(Source data)
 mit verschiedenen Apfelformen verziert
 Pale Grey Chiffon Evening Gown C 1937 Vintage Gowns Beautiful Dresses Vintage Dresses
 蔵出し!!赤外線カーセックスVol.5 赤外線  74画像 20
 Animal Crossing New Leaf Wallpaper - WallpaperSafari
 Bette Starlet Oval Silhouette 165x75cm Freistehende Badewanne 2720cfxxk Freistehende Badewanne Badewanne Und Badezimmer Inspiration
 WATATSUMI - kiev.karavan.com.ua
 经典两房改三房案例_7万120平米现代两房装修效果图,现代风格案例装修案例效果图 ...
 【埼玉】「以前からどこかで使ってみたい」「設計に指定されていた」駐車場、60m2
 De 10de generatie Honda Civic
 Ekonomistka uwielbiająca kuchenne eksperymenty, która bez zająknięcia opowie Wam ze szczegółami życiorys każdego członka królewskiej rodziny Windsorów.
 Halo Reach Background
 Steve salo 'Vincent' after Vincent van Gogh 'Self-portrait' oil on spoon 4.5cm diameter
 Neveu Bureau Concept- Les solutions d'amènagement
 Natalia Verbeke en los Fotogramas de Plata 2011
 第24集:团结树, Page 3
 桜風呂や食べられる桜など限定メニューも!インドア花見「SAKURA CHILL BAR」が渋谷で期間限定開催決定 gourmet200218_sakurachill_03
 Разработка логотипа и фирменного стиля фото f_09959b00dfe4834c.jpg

• EXERCISE BRIEF: Copy every record verbatim.

• EXPECTED OUTPUT:
 mit verschiedenen Apfelformen verziert
 Pale Grey Chiffon Evening Gown C 1937 Vintage Gowns Beautiful Dresses Vintage Dresses
 蔵出し!!赤外線カーセックスVol.5 赤外線  74画像 20
 Animal Crossing New Leaf Wallpaper - WallpaperSafari
 Bette Starlet Oval Silhouette 165x75cm Freistehende Badewanne 2720cfxxk Freistehende Badewanne Badewanne Und Badezimmer Inspiration
 WATATSUMI - kiev.karavan.com.ua
 经典两房改三房案例_7万120平米现代两房装修效果图,现代风格案例装修案例效果图 ...
 【埼玉】「以前からどこかで使ってみたい」「設計に指定されていた」駐車場、60m2
 De 10de generatie Honda Civic
 Ekonomistka uwielbiająca kuchenne eksperymenty, która bez zająknięcia opowie Wam ze szczegółami życiorys każdego członka królewskiej rodziny Windsorów.
 Halo Reach Background
 Steve salo 'Vincent' after Vincent van Gogh 'Self-portrait' oil on spoon 4.5cm diameter
 Neveu Bureau Concept- Les solutions d'amènagement
 Natalia Verbeke en los Fotogramas de Plata 2011
 第24集:团结树, Page 3
 桜風呂や食べられる桜など限定メニューも!インドア花見「SAKURA CHILL BAR」が渋谷で期間限定開催決定 gourmet200218_sakurachill_03
 Разработка логотипа и фирменного стиля фото f_09959b00dfe4834c.jpg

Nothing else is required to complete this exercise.